**Task statement**: What you return must be the data below, word for word, without any images.

**Provided material**:

[Start of Attachment]

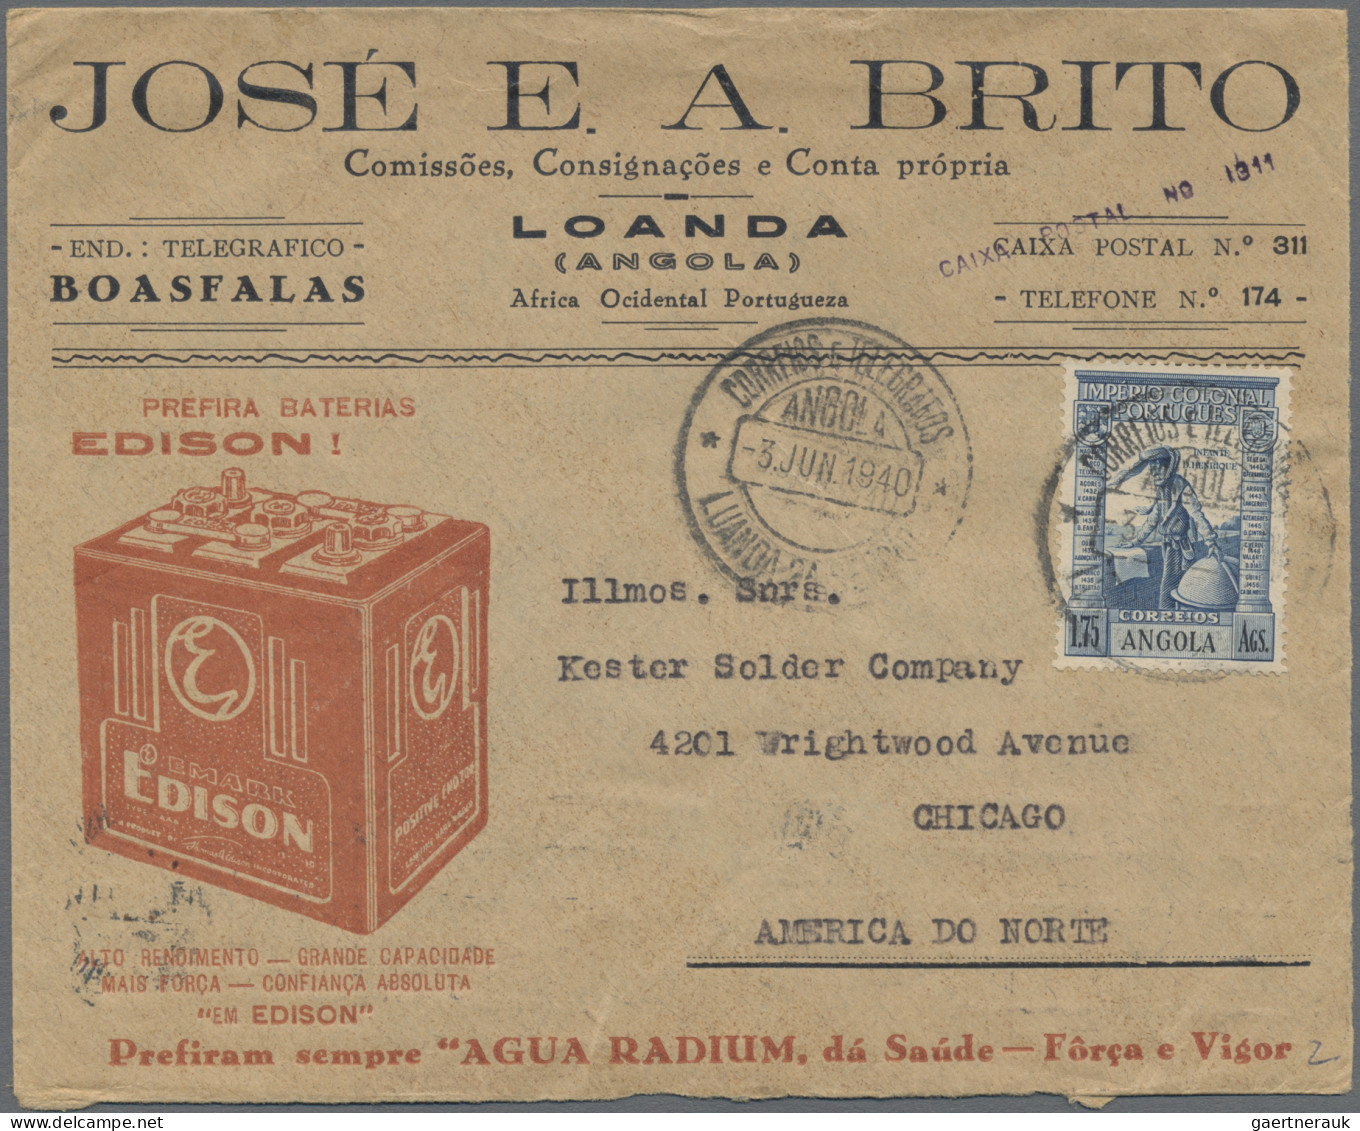 Angola: 1900/2005 (ca.), balance of apprx. 800-1.000 covers/cards incl. ppc, als
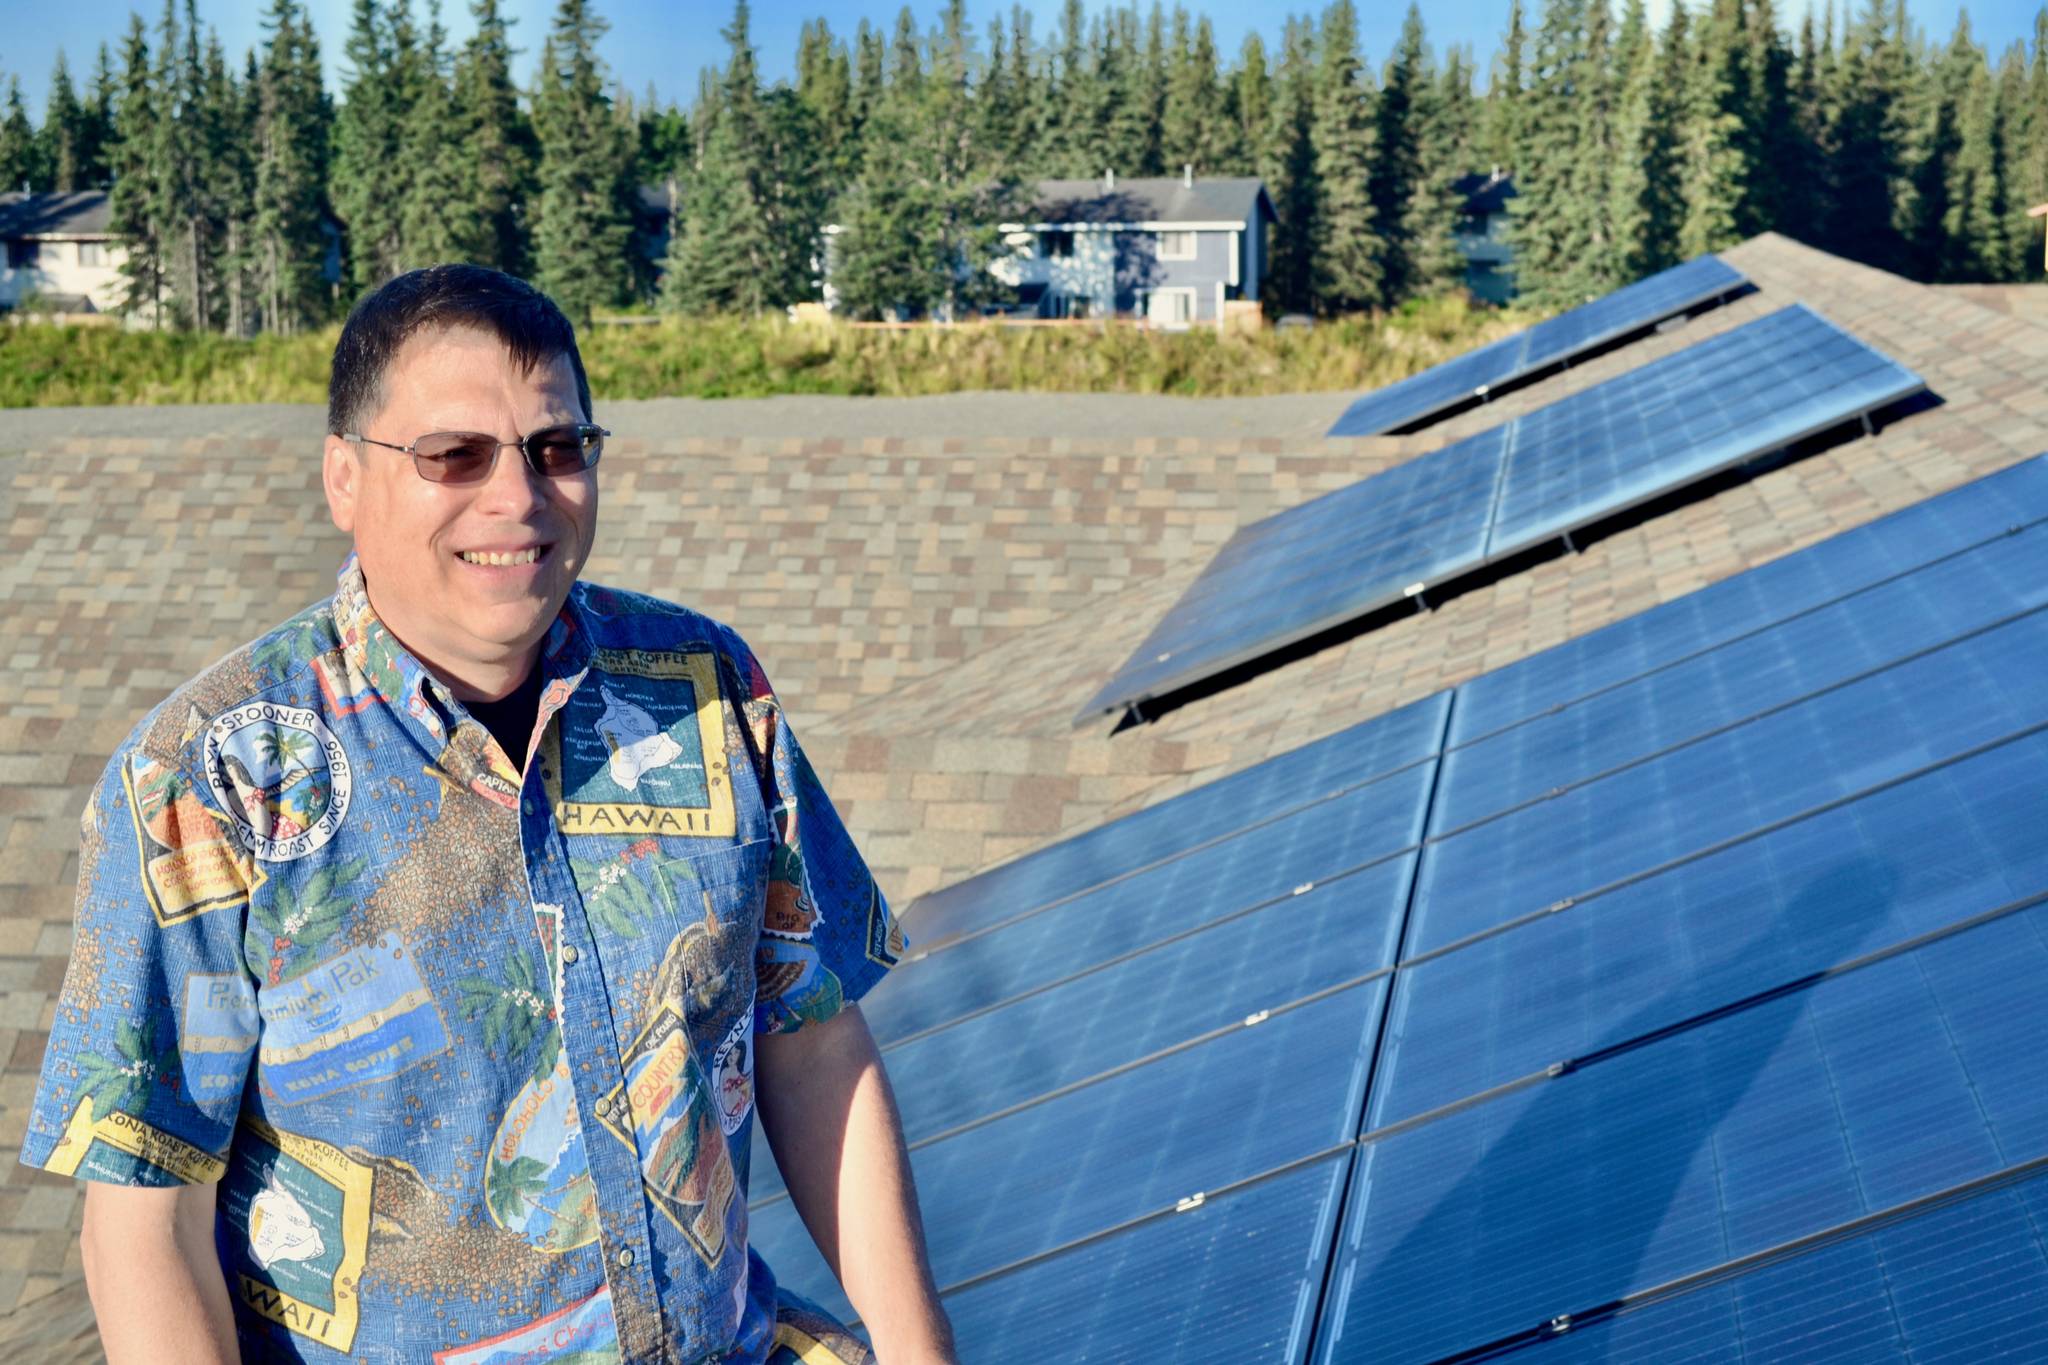 Dale Bagley on top of the roof of his business, Redoubt Realty, where he installed 48 solar panels earlier this summer on Friday, Aug. 17, 2018 near Soldotna, Alaska. (Photo by Victoria Petersen/Peninsula Clarion)
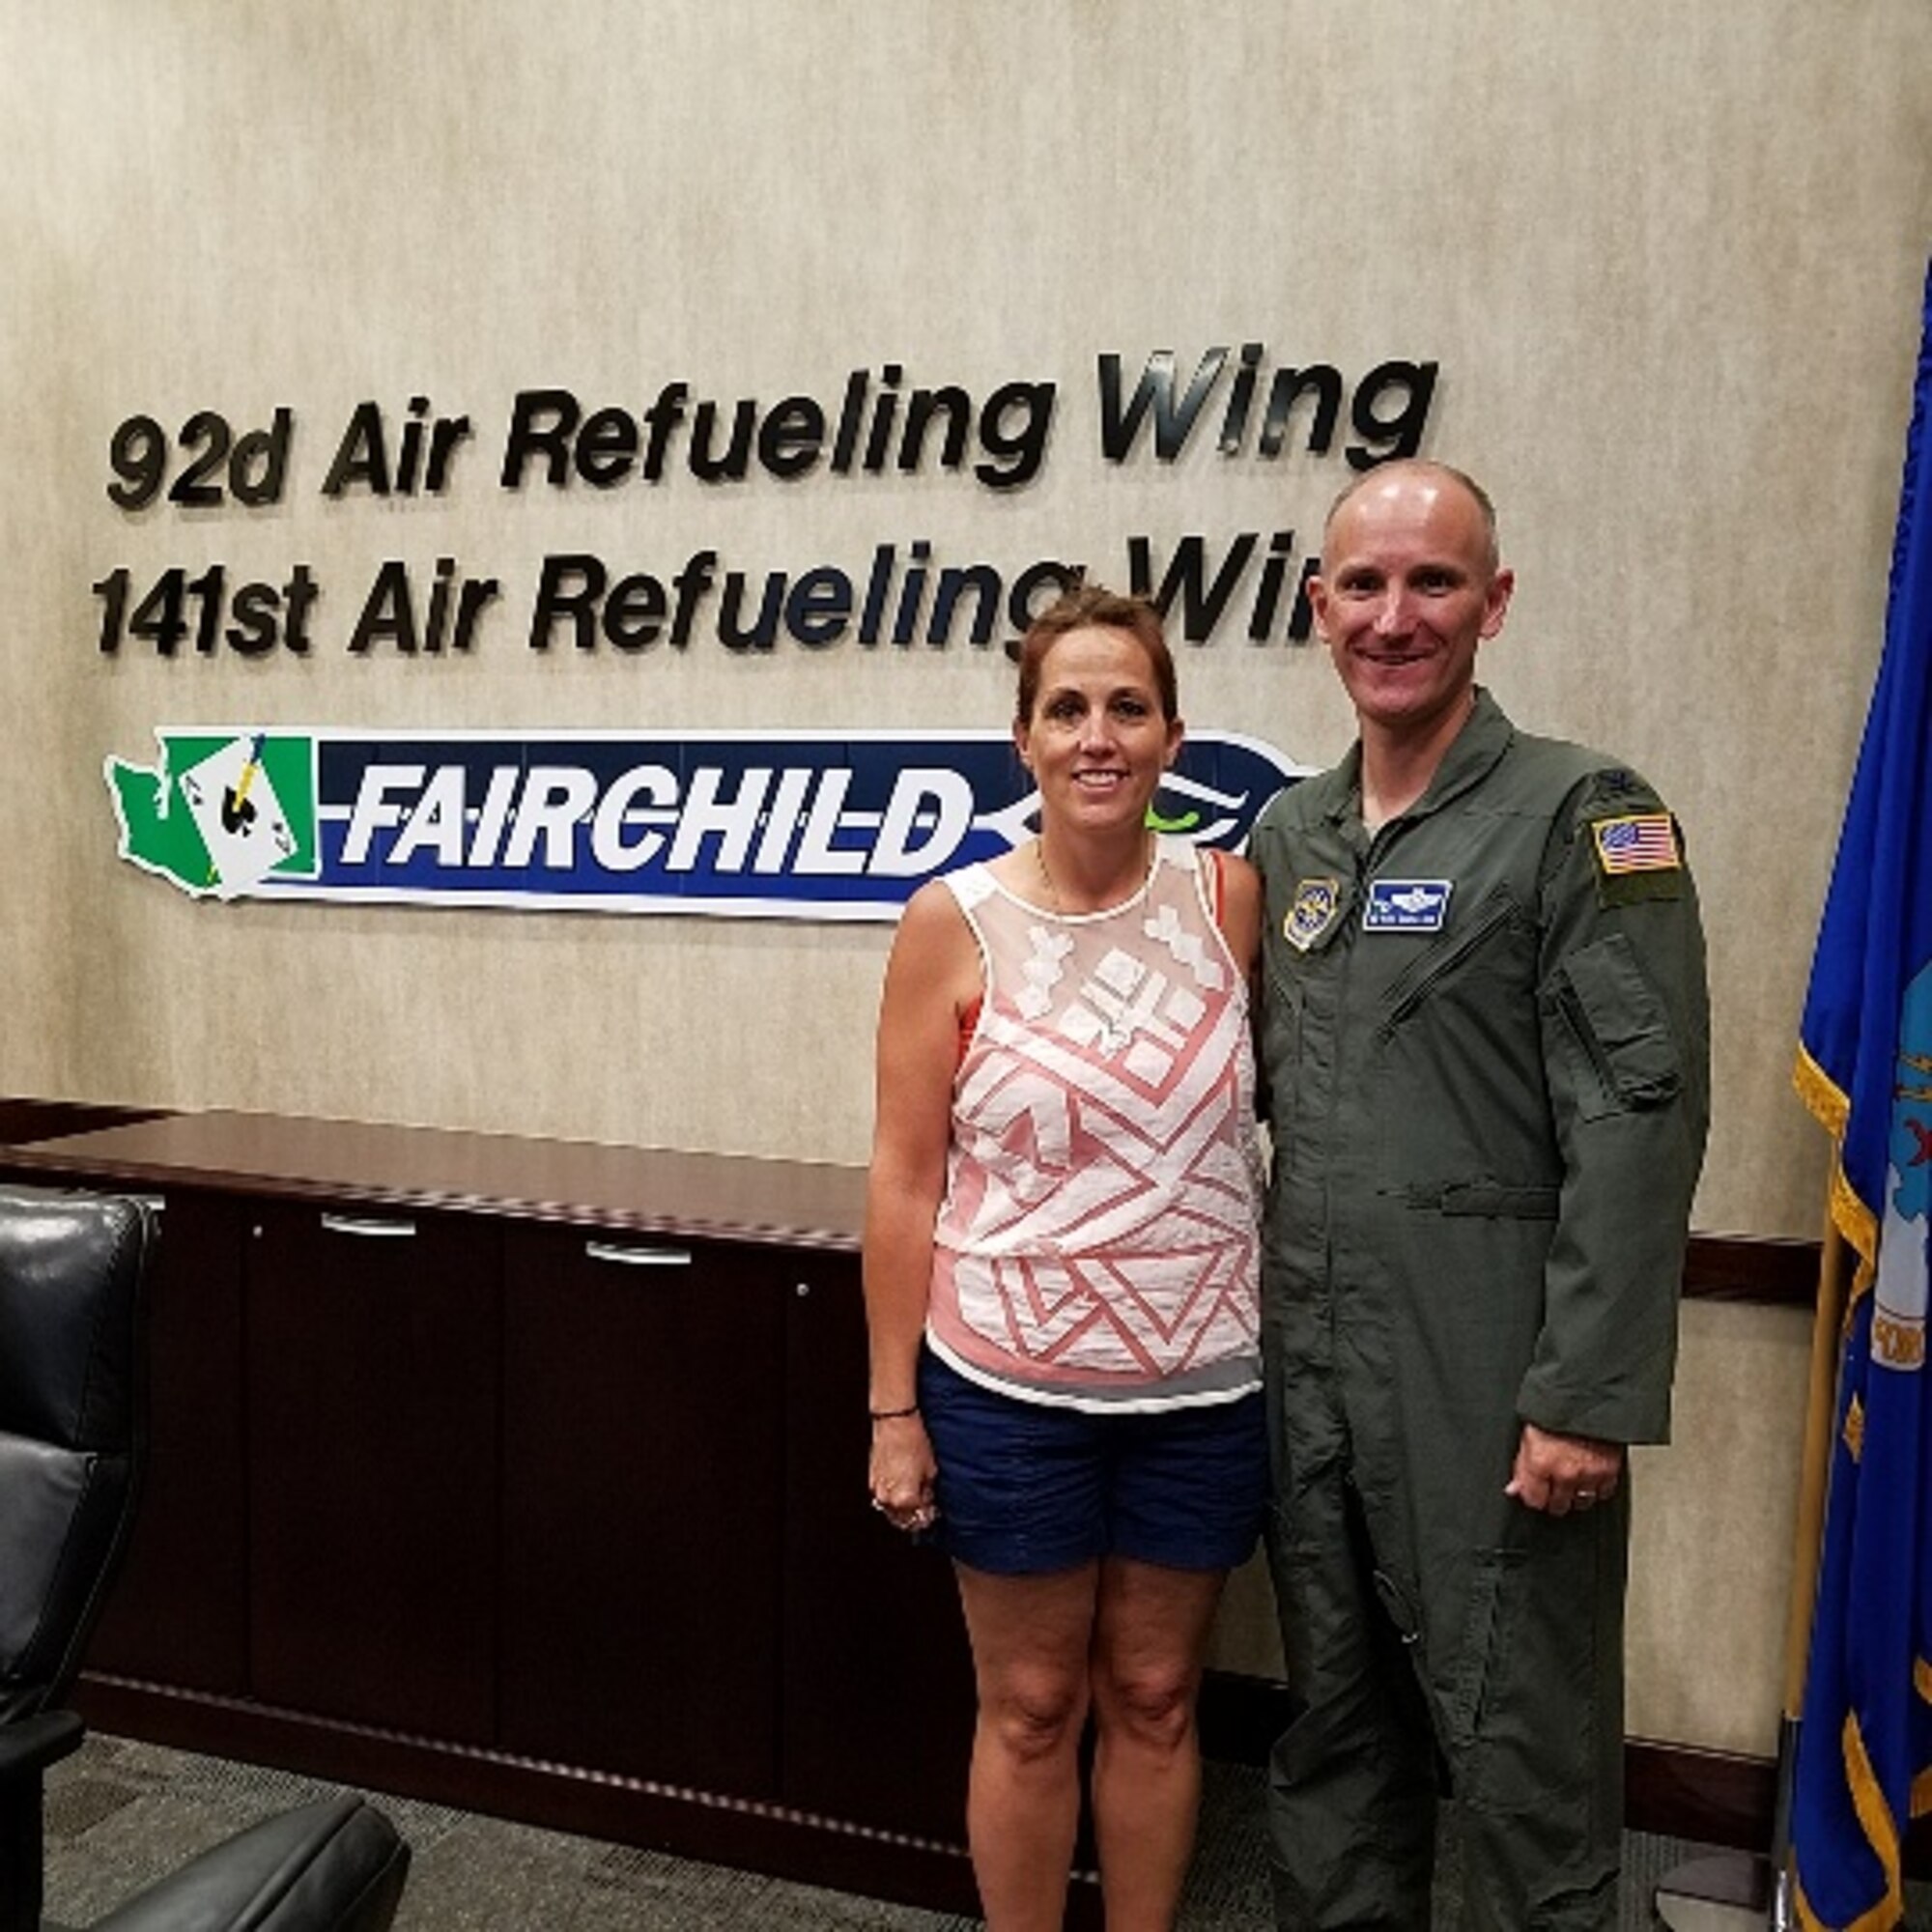 Tracy Finck, Fairchild’s first Gold Star Family member, stands with Col. Ryan Samuelson, 92nd Air Refueling Wing commander, Aug. 3, 2017 at Fairchild Air Force Base, Washington. The GSF program is for family members of Airmen who were killed in action during international terrorist attacks against the U.S., in a friendly foreign nation, or during military operations while serving outside the U.S. (Courtesy Photo)

[End of Attachment]

**Task response**:
 Angola: 1900/2005 (ca.), balance of apprx. 800-1.000 covers/cards incl. ppc, als
 Dale Bagley on top of the roof of his business, Redoubt Realty, where he installed 48 solar panels earlier this summer on Friday, Aug. 17, 2018 near Soldotna, Alaska. (Photo by Victoria Petersen/Peninsula Clarion)
 Tracy Finck, Fairchild’s first Gold Star Family member, stands with Col. Ryan Samuelson, 92nd Air Refueling Wing commander, Aug. 3, 2017 at Fairchild Air Force Base, Washington. The GSF program is for family members of Airmen who were killed in action during international terrorist attacks against the U.S., in a friendly foreign nation, or during military operations while serving outside the U.S. (Courtesy Photo)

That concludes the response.